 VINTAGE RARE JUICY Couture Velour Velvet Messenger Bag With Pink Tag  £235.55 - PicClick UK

- - -

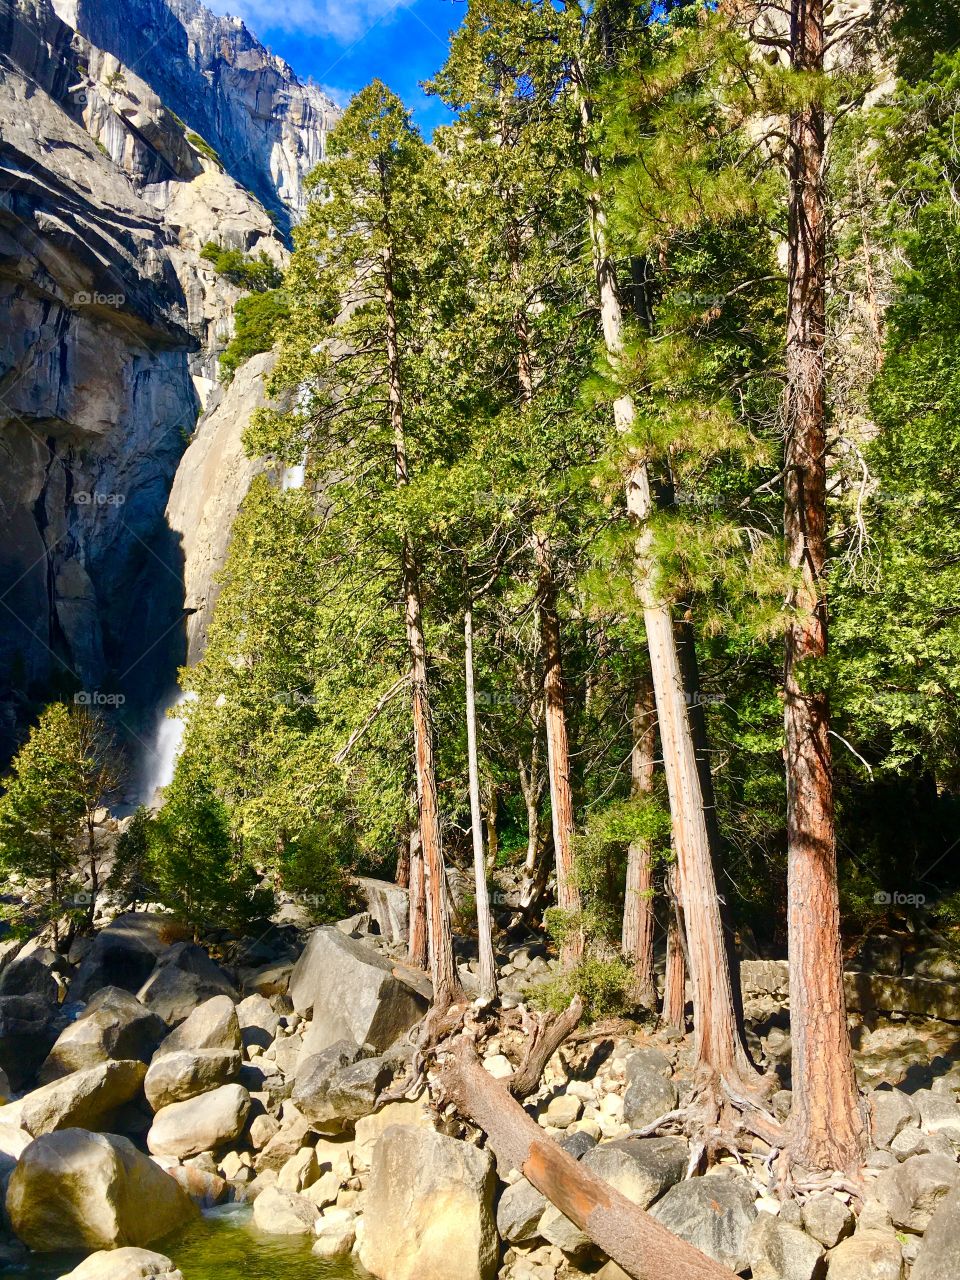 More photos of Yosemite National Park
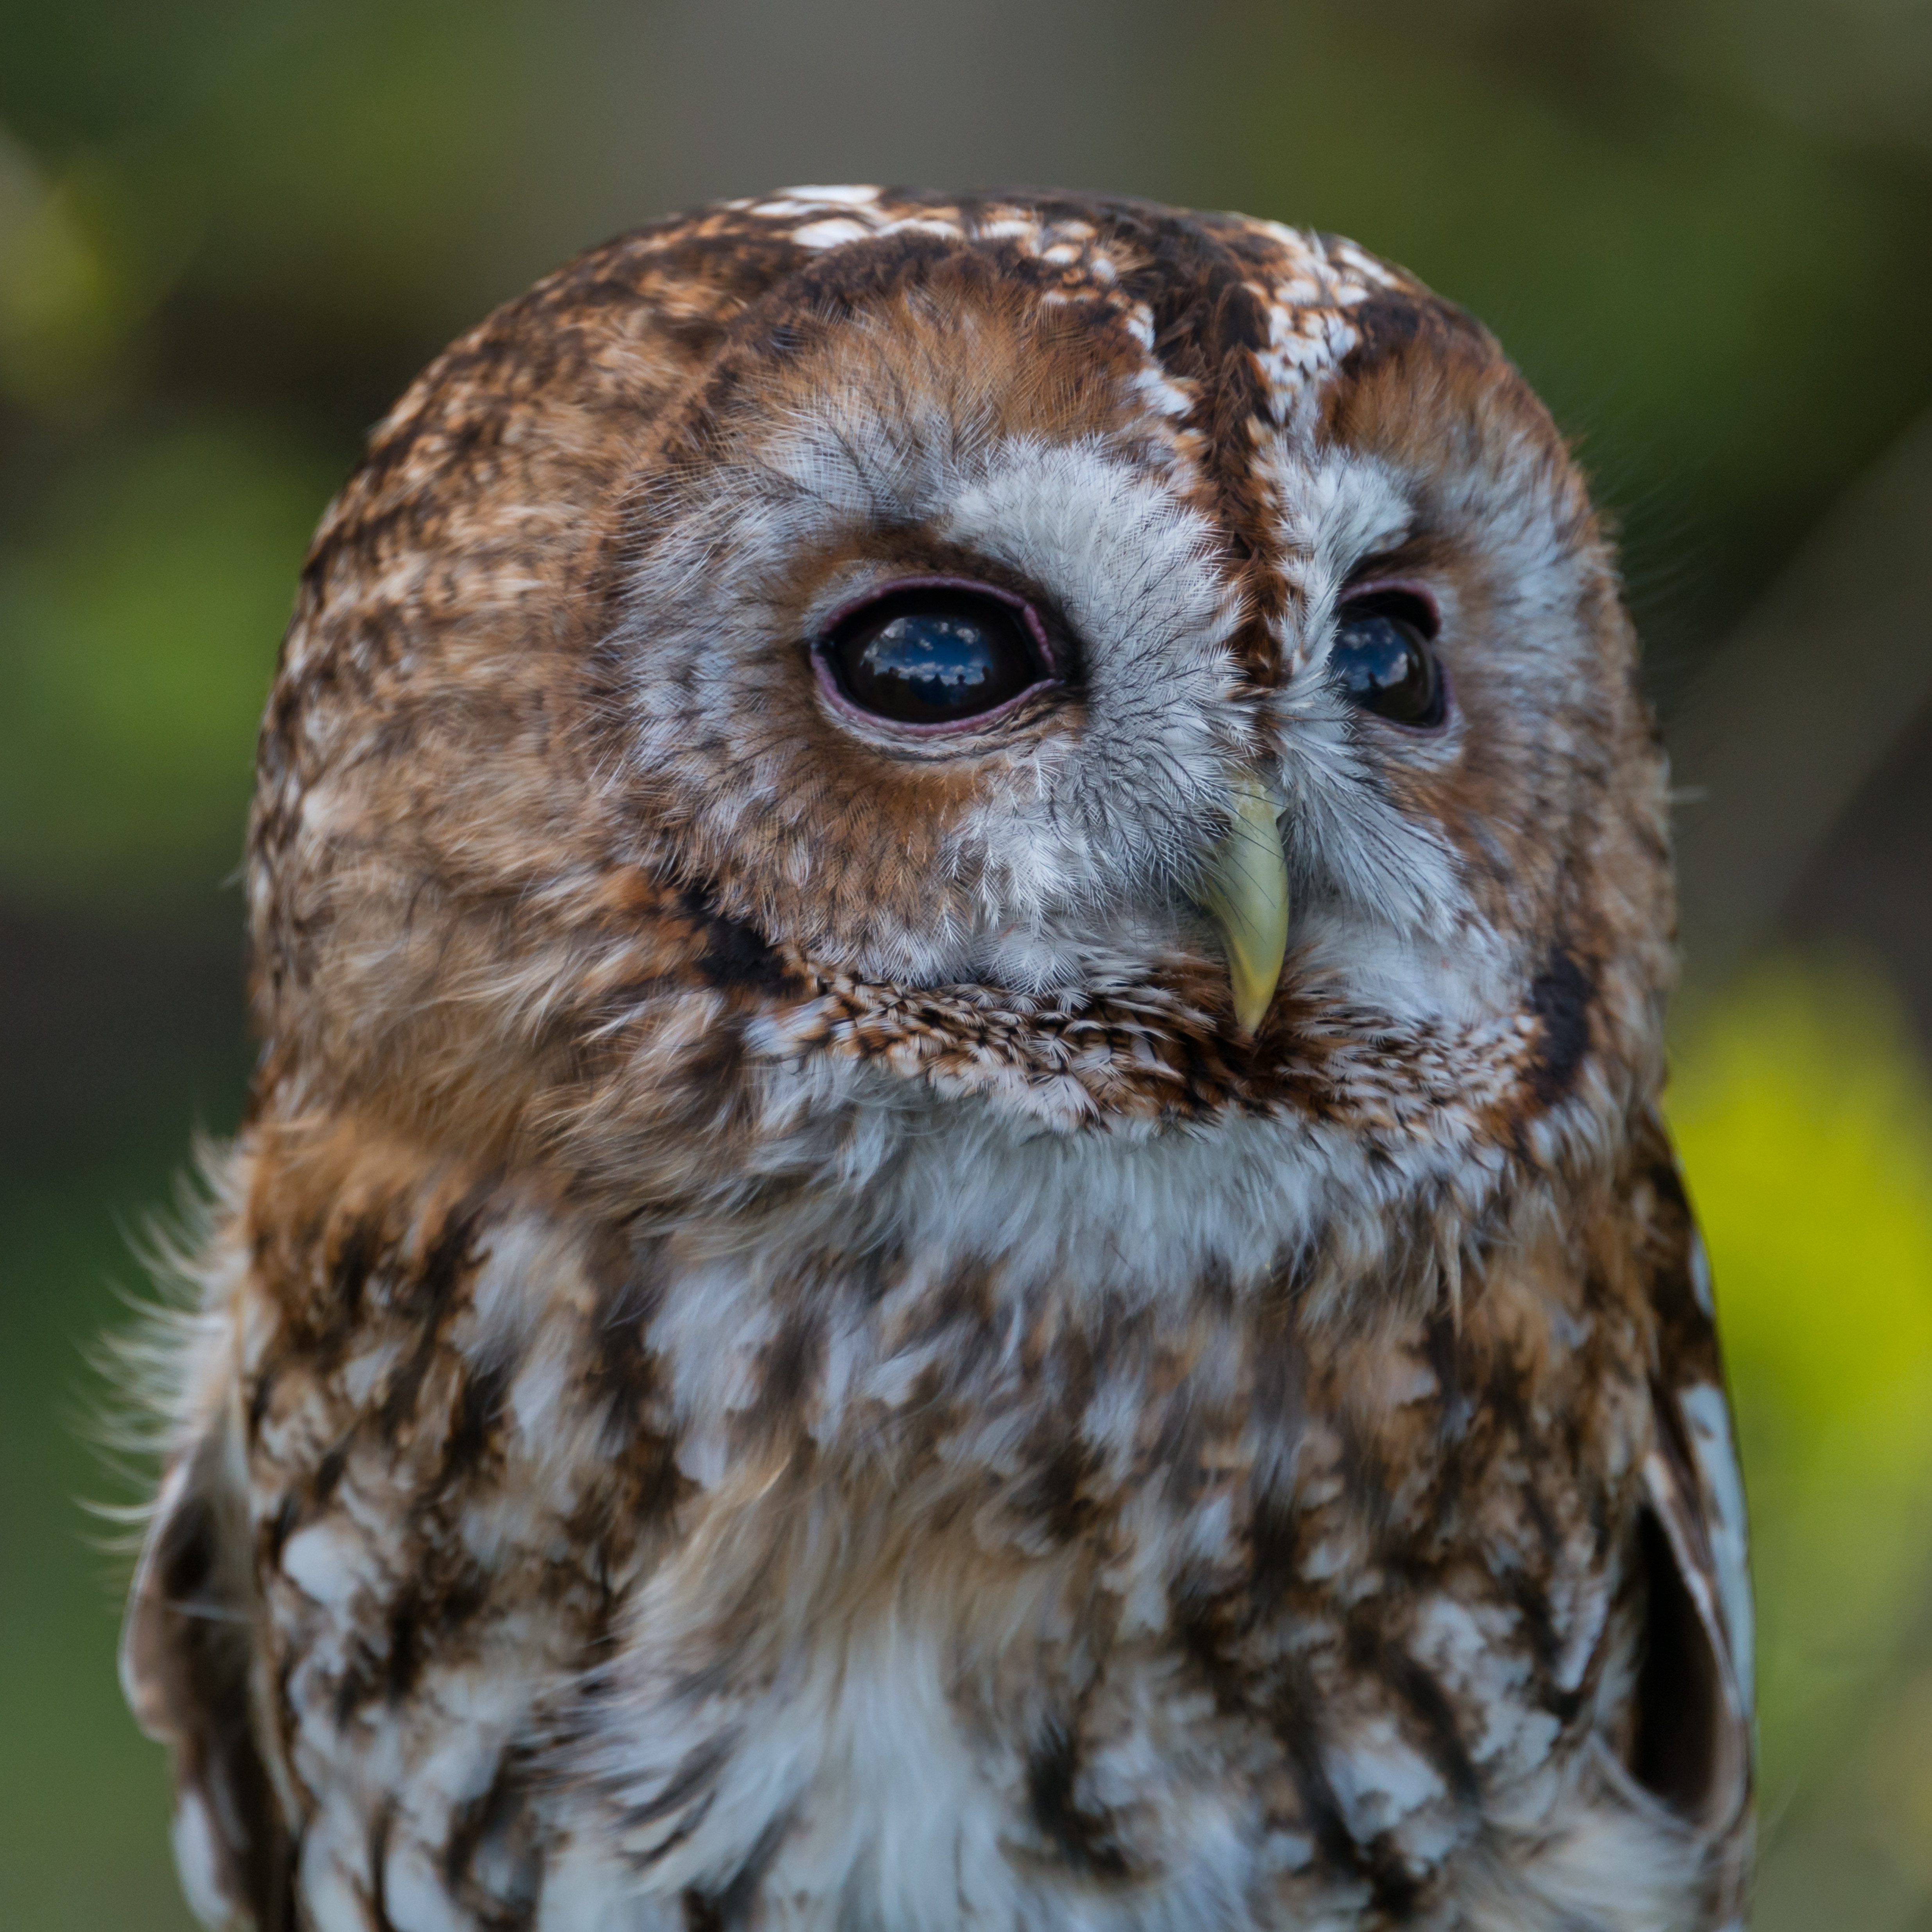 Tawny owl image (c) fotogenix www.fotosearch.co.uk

- - -

Although the records hold pictures, the copy must not; give again exactly the lines from the one with "More photos of Yosemite National Park" through the one with "Tawny owl image".

## Response
 More photos of Yosemite National Park
 Tawny owl image (c) fotogenix www.fotosearch.co.uk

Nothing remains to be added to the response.